Noted, sir. Thanks a lot and all the best. Thank you.
Thank you. The next question is from the line of Surya Patra from PhillipCapital. Please go ahead.
Yeah. Thanks for this opportunity, sir. So my first question is on the specialty chemical export domestic mix this quarter. It looks like that mix has reversed this quarter from the earlier trend. Anything to read out of it, sir?
Nothing other than the fact that these are supplies being made at the behest of global customer to their local supply chain partners.
Okay. So going ahead, so it is a quarter-specific story, or so nothing to read out of it, or it can continue like this going ahead?
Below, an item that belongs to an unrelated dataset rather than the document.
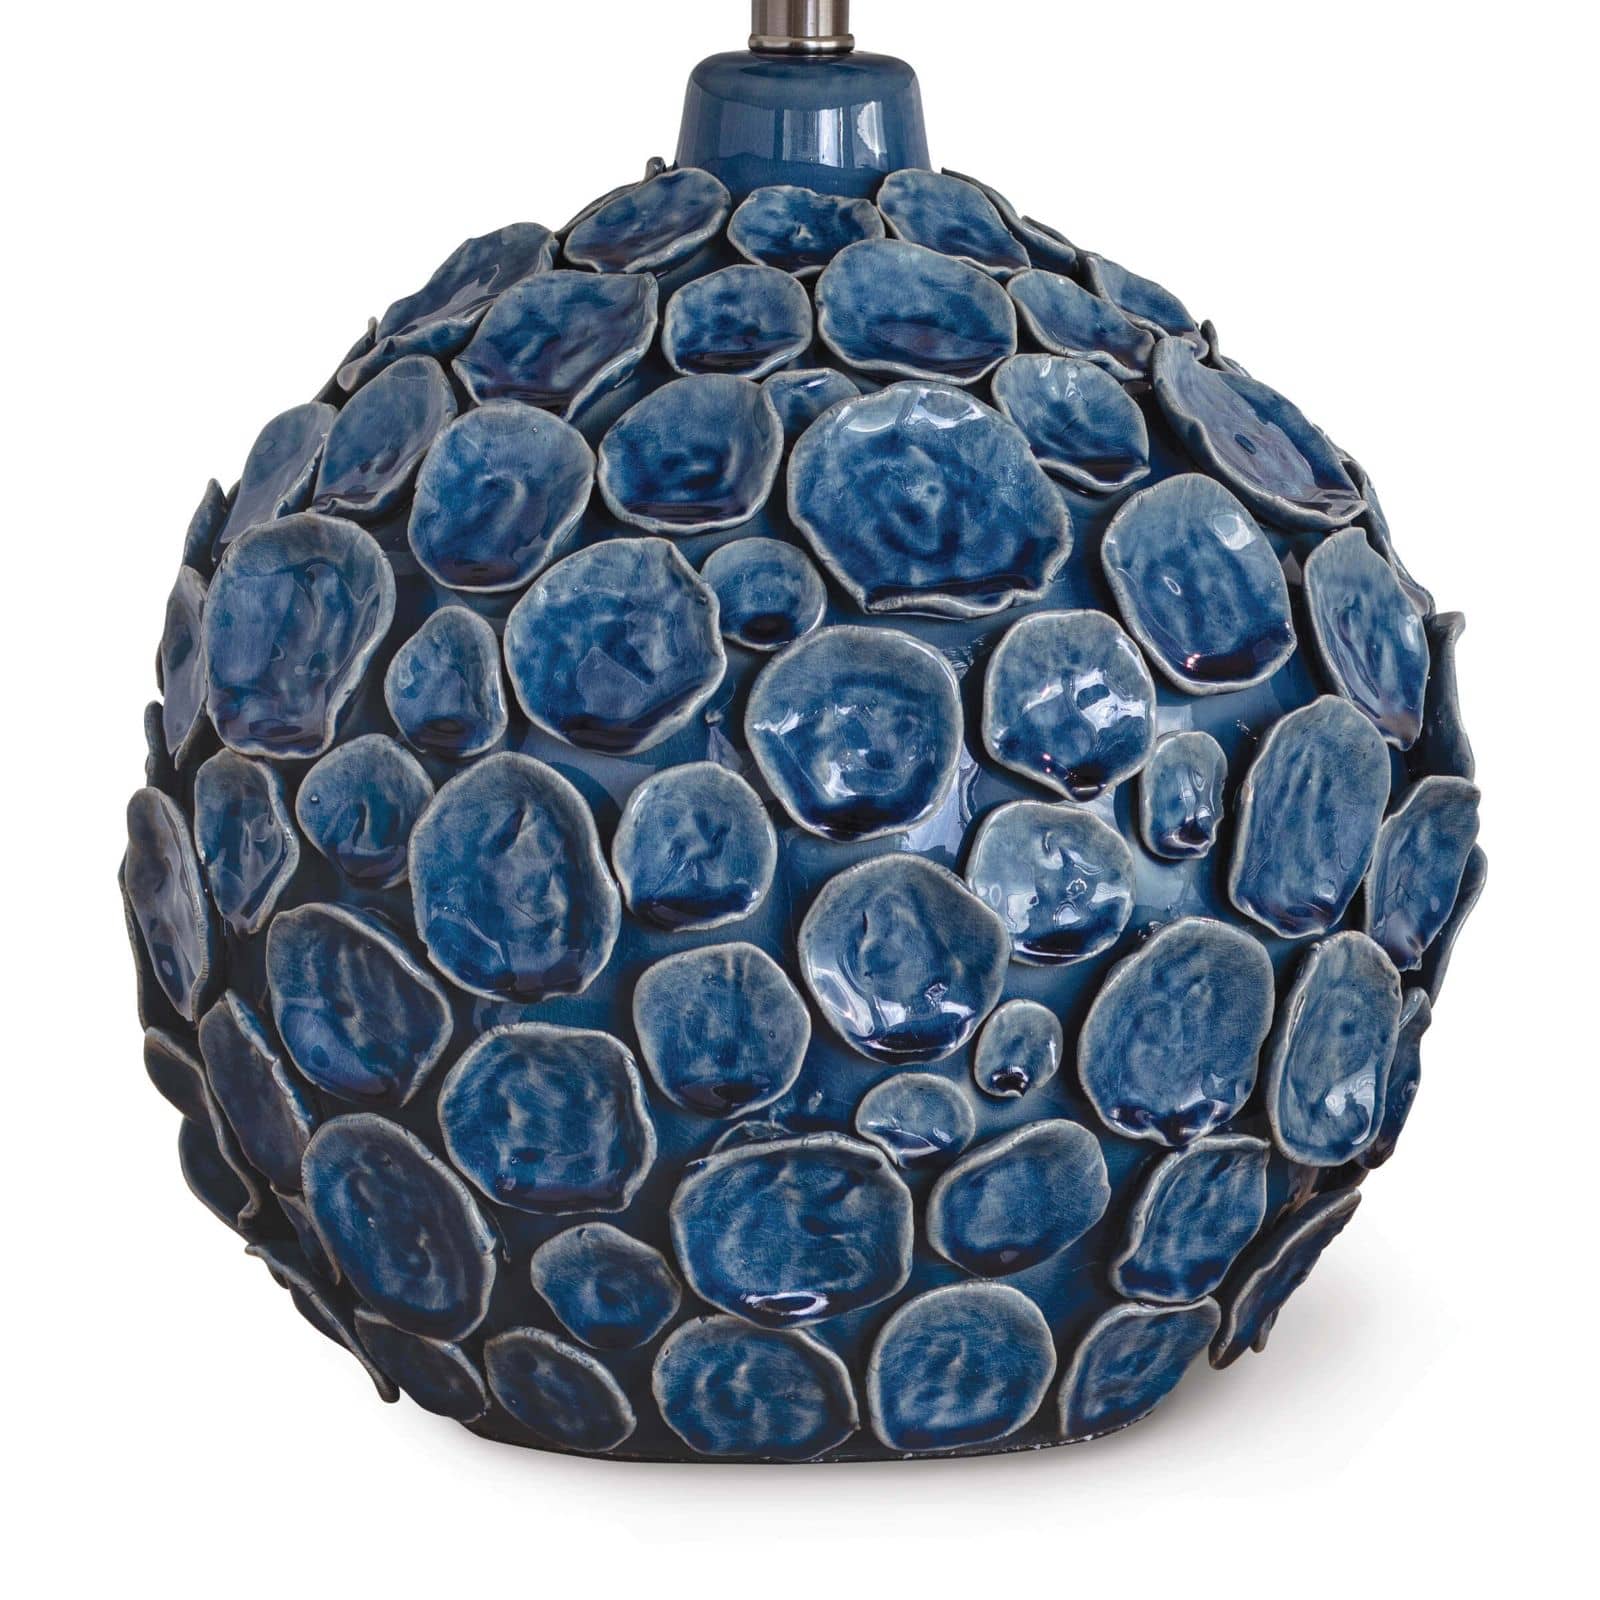 Lucia Ceramic Table Lamp - Decor - Tipplergoods

These are campaign-driven things. So they could move from one campaign to another. Very difficult to predict because, see, again, the global innovators, and I have said this before, they are looking at increasingly flexible supply chain partners, not just with us, but with all their counterparts, right? So the flexibility means that some of these things will keep varying. I think in some sense, the export versus domestic will start to become more like a misnomer, to be honest.
Okay. This last question from my side is that, so this for the Nectar project, see, obviously, you have been consistently indicating that you have clear order book for FY25. So you have started building up visibility for FY26, sir, for this project?
See, again, Project Nectar starting now, the plan, like you always said, right, there is a dedicated portion and then.
Your voice is not audible.
Yeah. Can you hear me?
Yeah. Yeah.
Can you hear me?
Yes. Yes. Yes.
See, for Project Nectar, like we always said, right, there is a capacity which is for the dedicated portion, and then there is a capacity to our own account. The way the ramp-up plan is to first fill in the dedicated capacity because the technology belongs to the dedicated partner. We are working together in both the implementation of the project as also ramping it up. And like I said, we are also working towards making another molecule with some modifications at the behest of the same customer. So the first year will always be focused on completing the dedicated part of it. And as we do that, we will also create space to complete our qualification campaign for the open part. And that will come in the following year, which is why we had kind of always indicated that it's a two-year journey to the part.
Okay. There is no demand and cost equation or cost concern for this project to be successful or to see a kind of meaningful ramp-up. There is nothing like that.
No, nothing. I mean, nothing like that. But being cost-efficient is good for all seasons, right? So that push is always there, man.
Okay. Okay. Sure, sir. Yeah. Thank you. Wish you all the best.
Thank you. Ladies and gentlemen, in the interest of time, we would take that as the last question. I would now like to hand the conference over to the management for the closing comments.
All right. I do thank you all for participation and all your support. Yeah. Thank you, guys.
Thank you. Thank you, everyone.
Bye.
Ladies and gentlemen, on behalf of Navin Fluorine International Limited, that concludes this conference. Thank you, and you may now disconnect your lines.